Go to the line containing "Vente de adidas" below; retype it and all following lines exactly, and leave out the pictures.

§ SUPPLIED INFORMATION:
▬▬▬▬▬▬

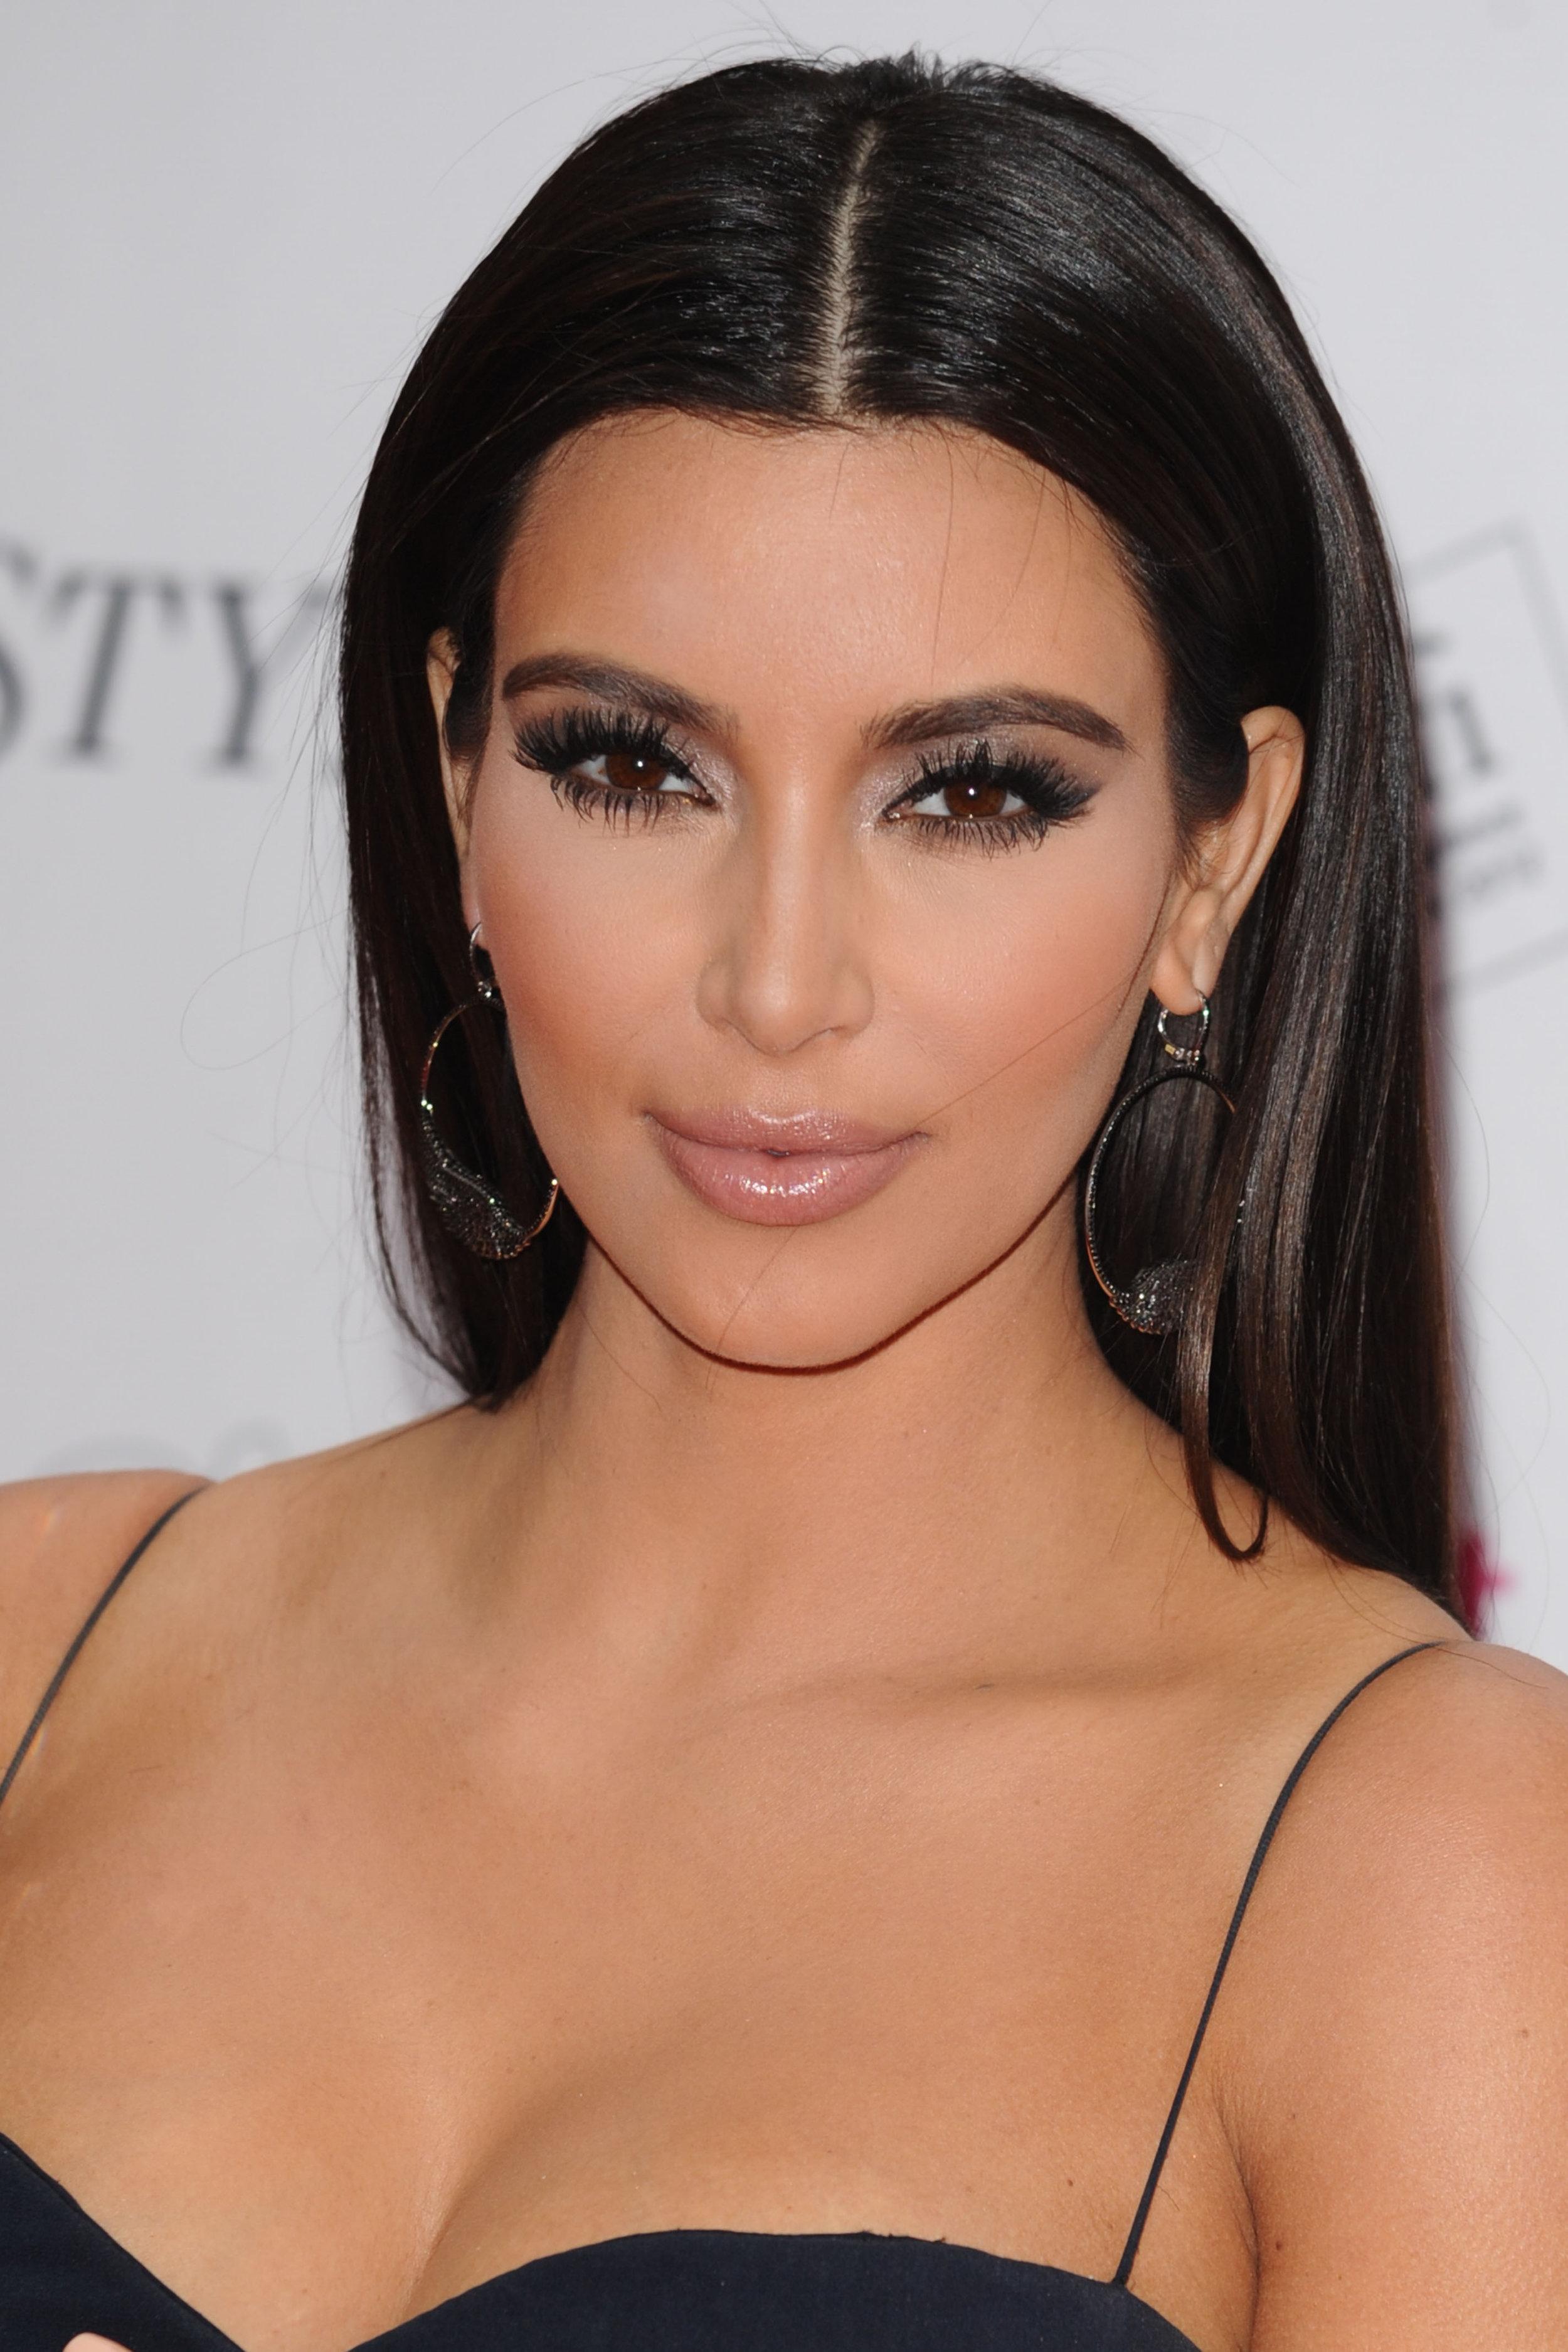 Kim Kardashian - Bathsheba
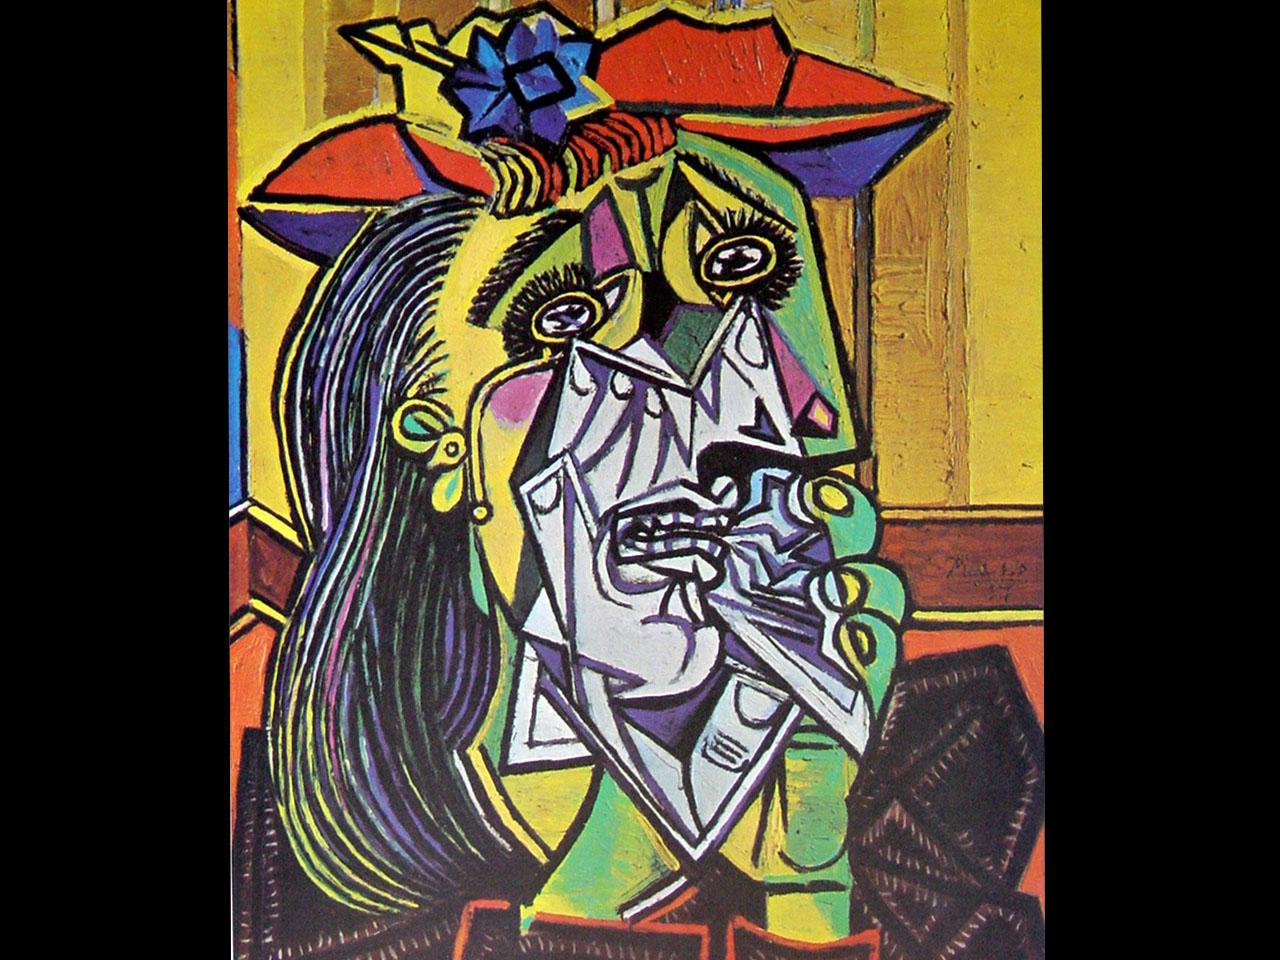 Le pire de Picasso Picasso+Pablo+1881+1973+La+femme+qui+pleure+1937
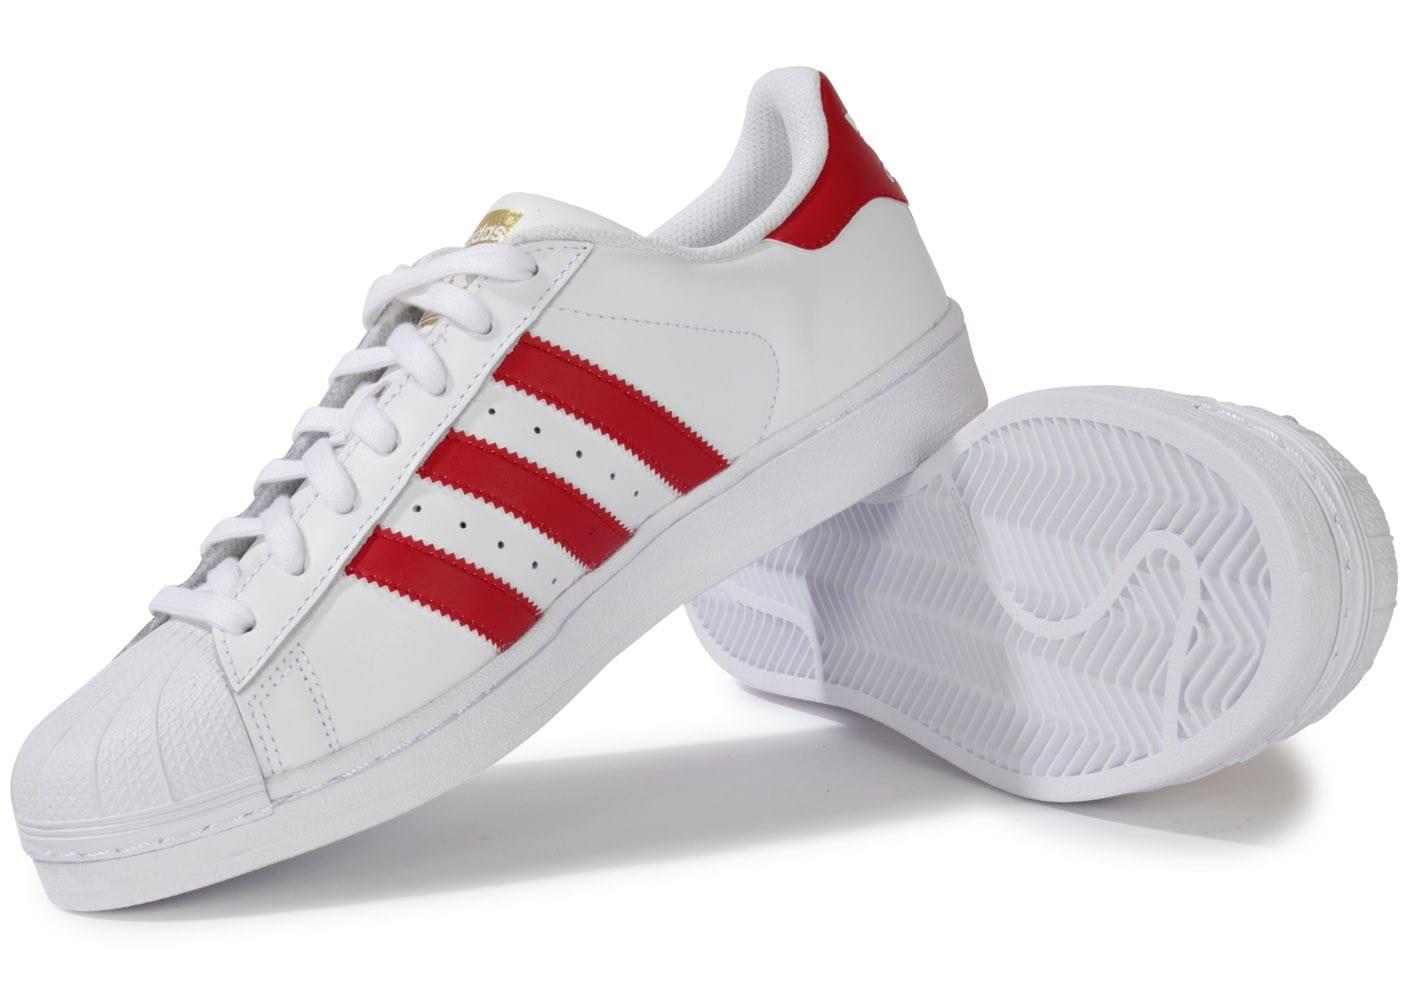 Vente de adidas superstar blanche et rouge homme Soldes
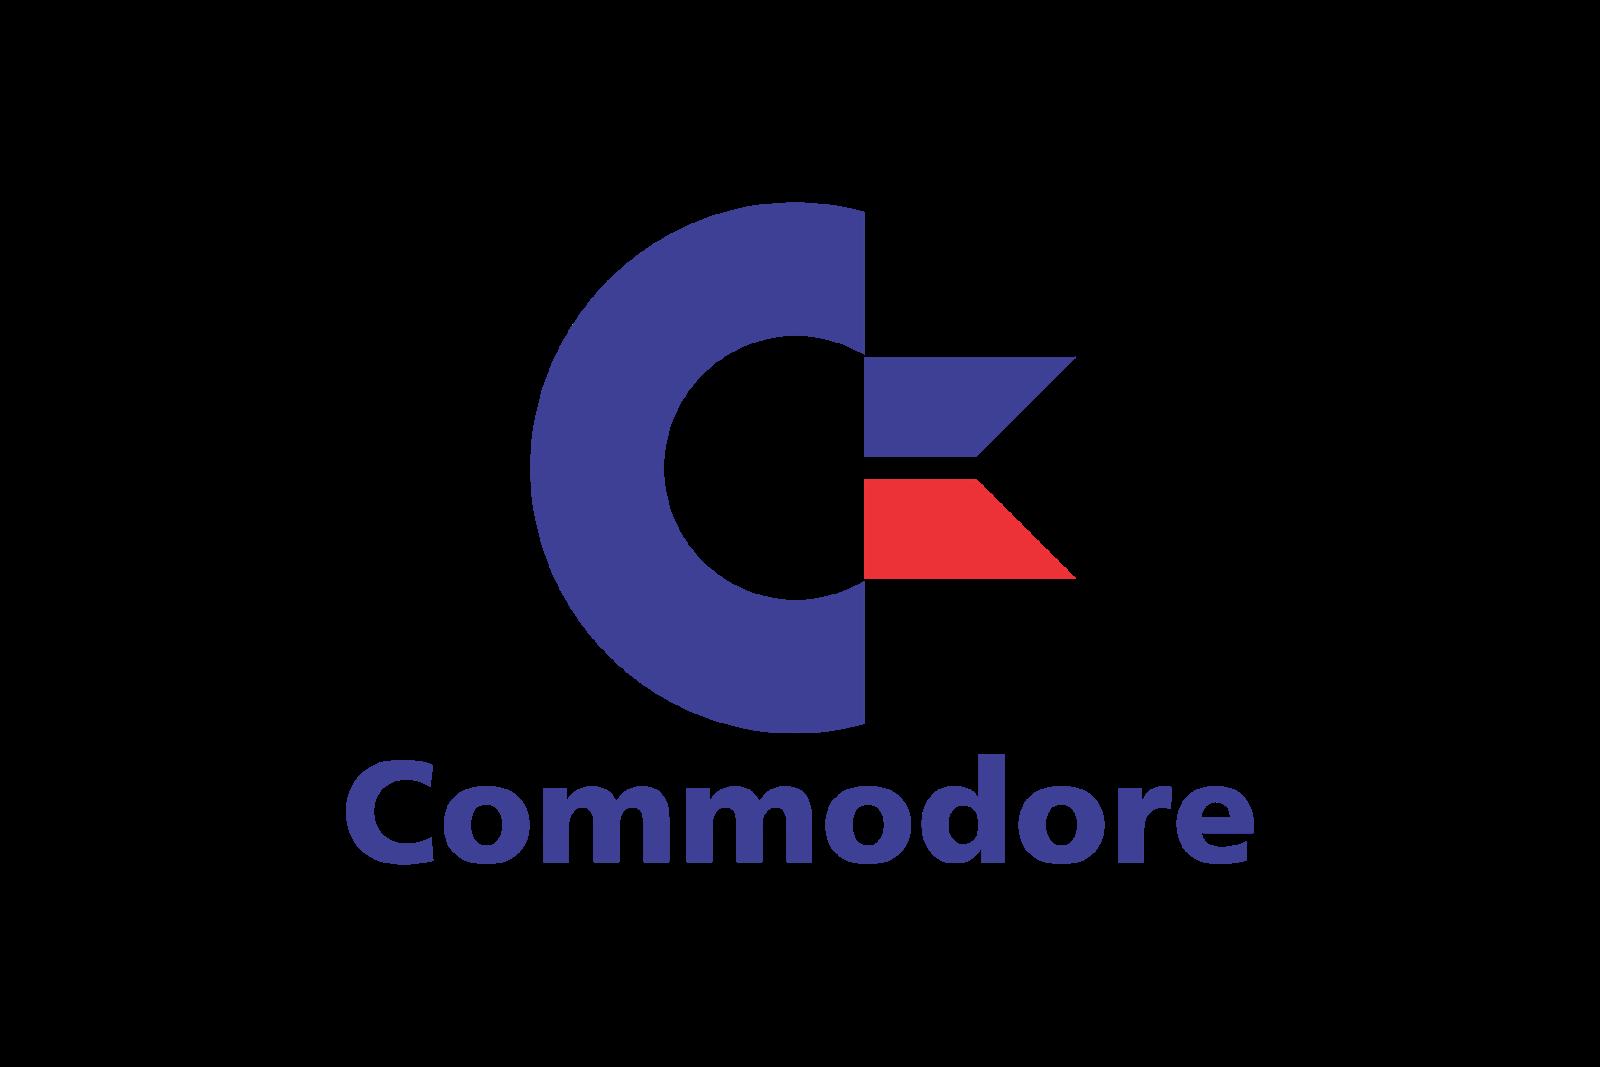 Home And Design Logo Commodore International Logo

▬▬▬▬▬▬

§ TASK ANSWER:
 Vente de adidas superstar blanche et rouge homme Soldes
 Home And Design Logo Commodore International Logo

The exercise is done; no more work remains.